1

Lets say I created a hive table with partition column as year, month and day and if i delete the partition from hdfs, then result get reflected in hive table or not

Ani Menon
  • 27,209
  • 16
  • 105
  • 126
Dipak
  • 39
  • 2
  • 9
  • What do you mean by "delete the partition"? Delete all directories + files? delete only the sub-directories and put the files in the top directory? – David דודו Markovitz Mar 09 '17 at 07:23
  • Delete the all directories + files – Dipak Mar 09 '17 at 07:29
  • Possible duplicate of [How to update partition metadata in Hive , when partition data is manualy deleted from HDFS](http://stackoverflow.com/questions/21108251/how-to-update-partition-metadata-in-hive-when-partition-data-is-manualy-delete) – Remus Rusanu Mar 09 '17 at 07:32

2 Answers2

1

Yes. The partition data will be gone.
The metastore will still hold the partition information (metadata) and you can see it using show partition mytable.
You can find the partitions need to be dropped using msck repair mytable.
You can drop the partitions using alter table mytable drop partition (...)

David דודו Markovitz
  • 42,900
  • 6
  • 64
  • 88
  • Yes, but that result will get reflected in hive table or not? – Dipak Mar 09 '17 at 07:32
  • off-course it will.
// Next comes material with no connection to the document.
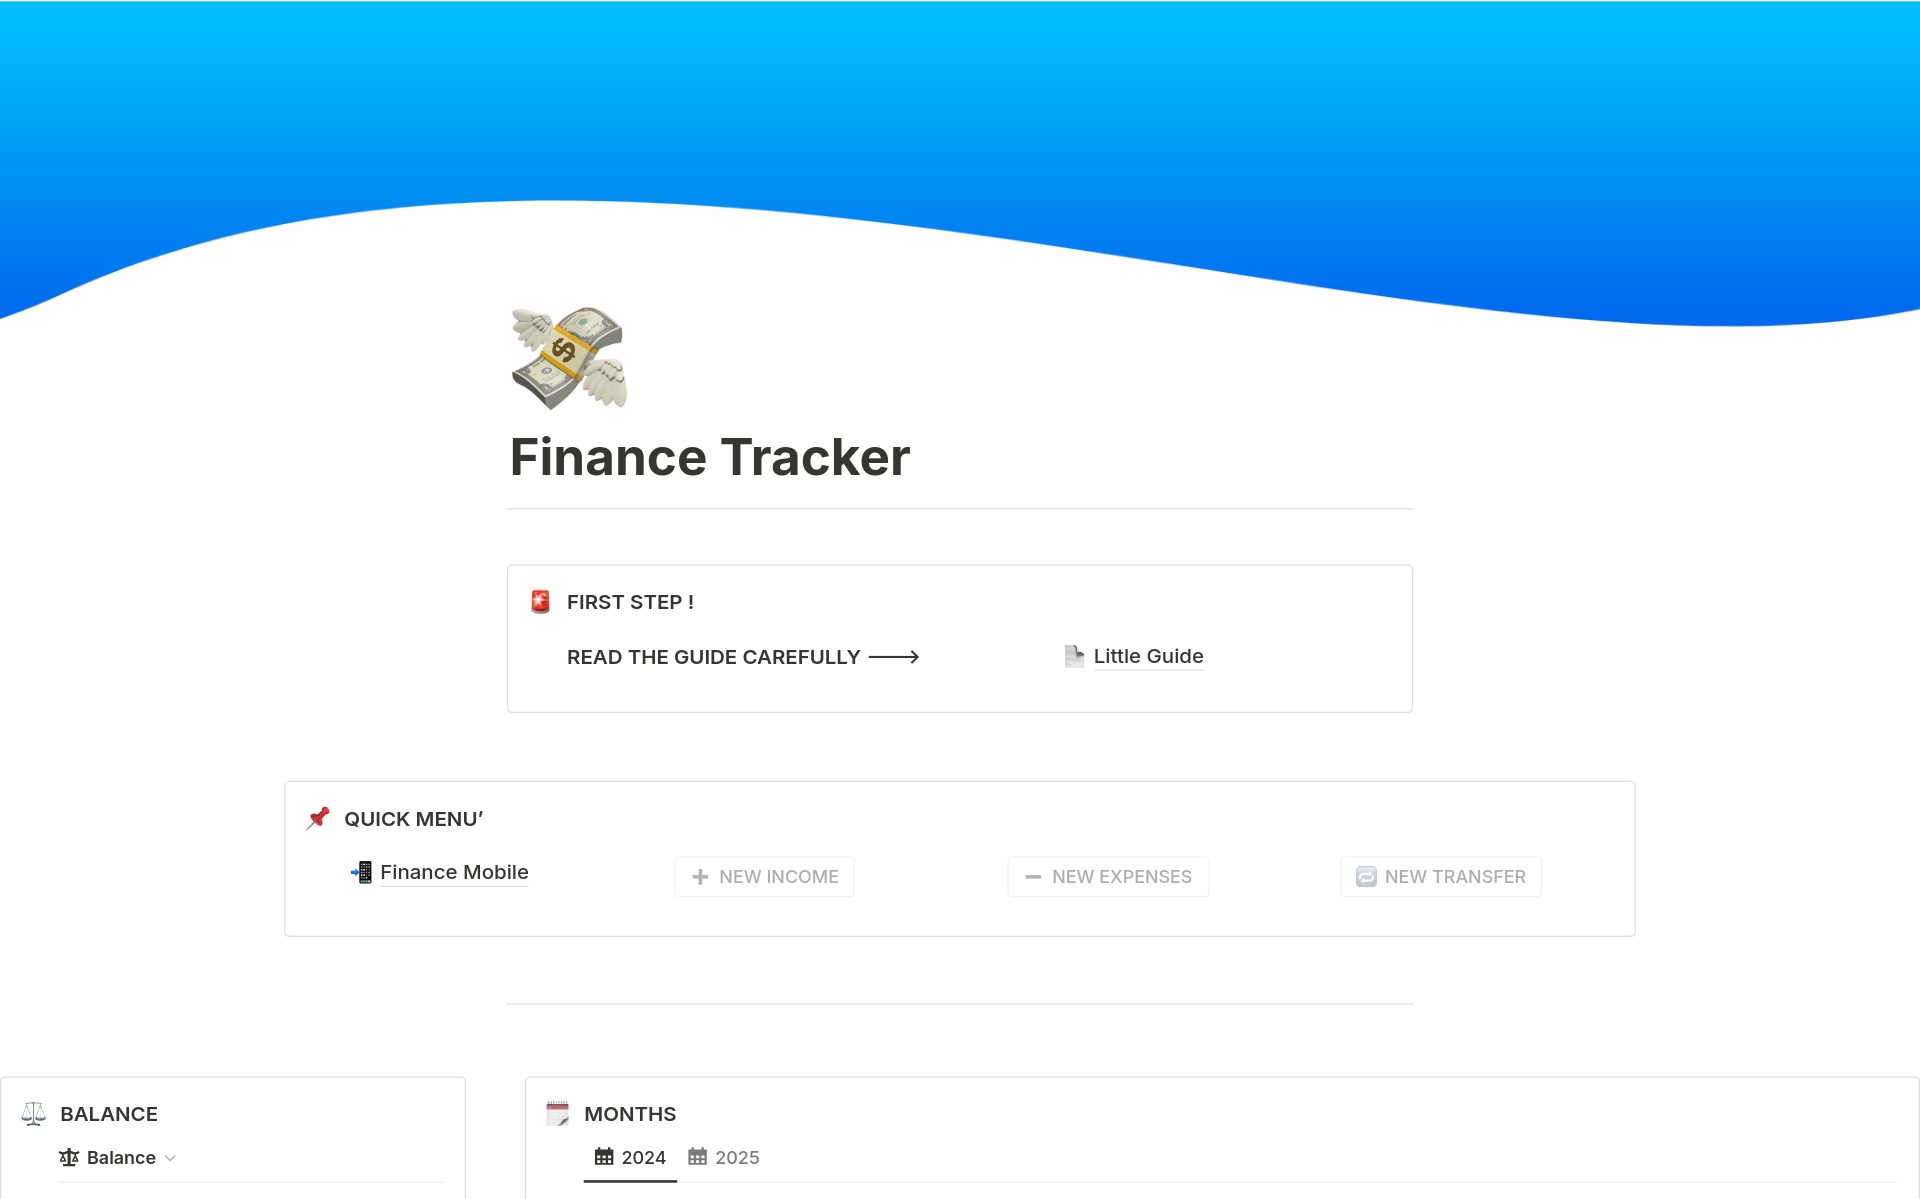 Vista previa de una plantilla para Complete Finance Tracker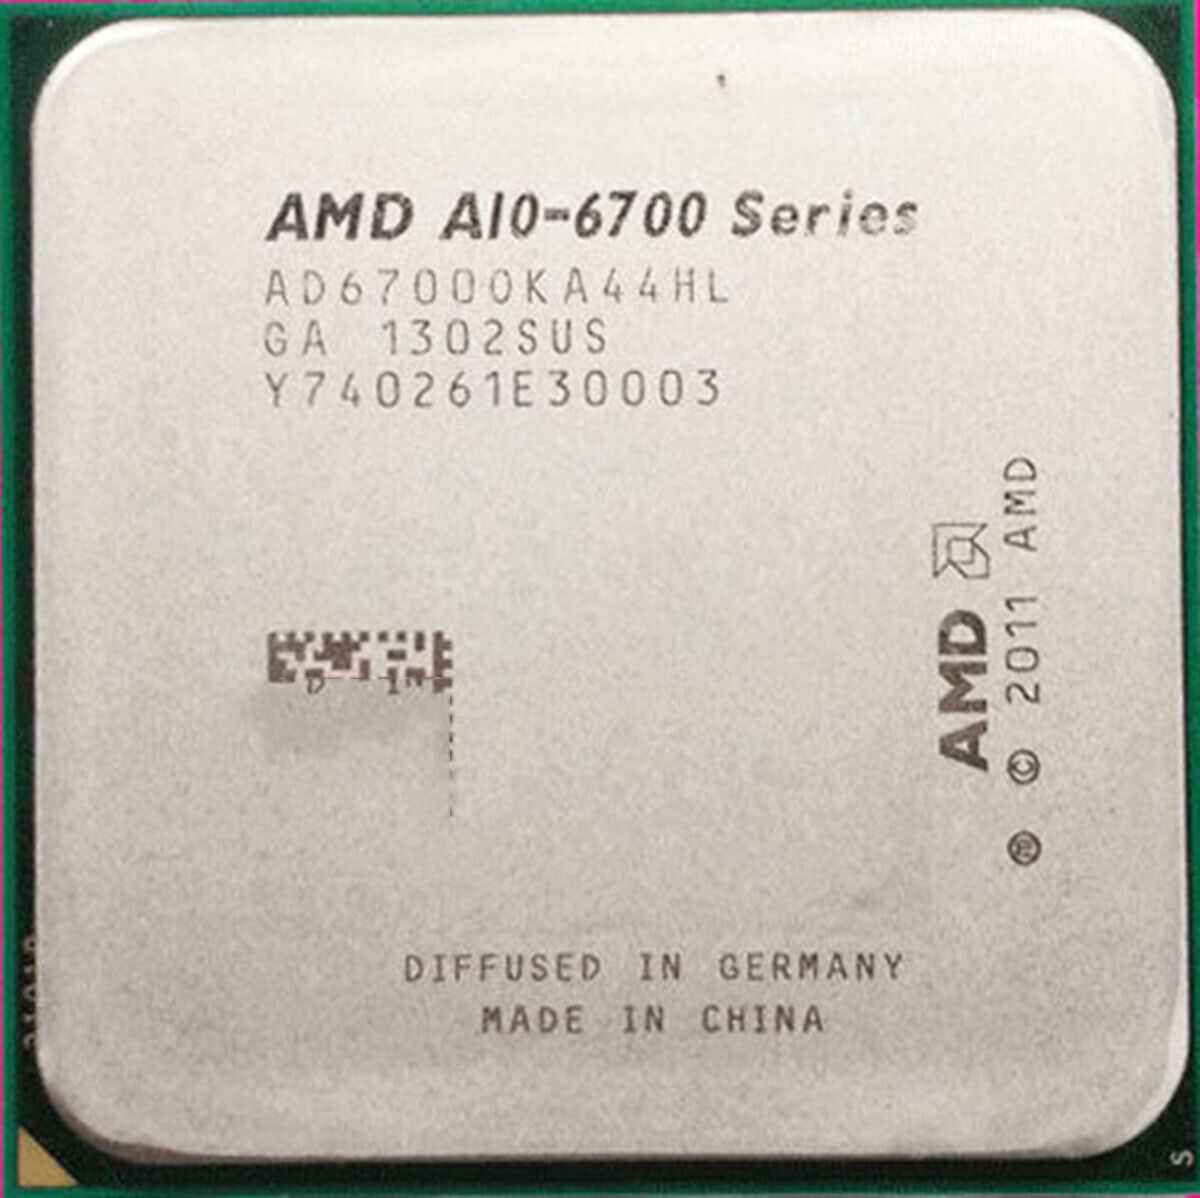 AMD a10-6700 CPU a10 series quad-core 4mb 3.7ghz interface fm2 65w processor

How can you query a table and see data that does not exist any more? – David דודו Markovitz Mar 09 '17 at 07:33
  • Thanks!! It helps me to understand the partition deletion – Dipak Mar 09 '17 at 09:37
  • `msck repair` doesn't not reflect manually deleted folders in the metastore, it only adds partitions that are on HDFS but not in the metastore to the metastore. – cheseaux Jul 11 '17 at 13:38
  • @cheseaux - does not drop but does reflect. See my answer here https://stackoverflow.com/a/44931540/6336479 I have fixed this answer. Thanks – David דודו Markovitz Jul 11 '17 at 13:47
  • `This does not cause any issue` I also disagree with your point, see [this](https://stackoverflow.com/questions/37456932/aggregate-queries-fail-in-hive-if-partition-directory-doesnt-exist) for example. I also experimented a lot of issues with manually deleted partition files. See [my answer](https://stackoverflow.com/a/45036445/1852681) to a related question. – cheseaux Jul 11 '17 at 14:01
  • @cheseaux - you might got a point. Different engines, different versions, different bugs. – David דודו Markovitz Jul 11 '17 at 14:24
  • Superb !! By using msck repair mytable i can able to resolve my problem – Dipak Nov 15 '18 at 12:23
0

Hive table will still show the partitions, you will have to either drop the partitions deleted on HDFS manually (or drop and re-create table) and run MSCK.

Commands:

If you intend to alter the table and drop all deleted partitions-

ALTER TABLE table_name DROP [IF EXISTS] PARTITION partition_spec[, PARTITION partition_spec, ...]
  [IGNORE PROTECTION] [PURGE];            -- (Note: PURGE available in Hive 1.2.0 and later, IGNORE PROTECTION not available 2.0.0 and later)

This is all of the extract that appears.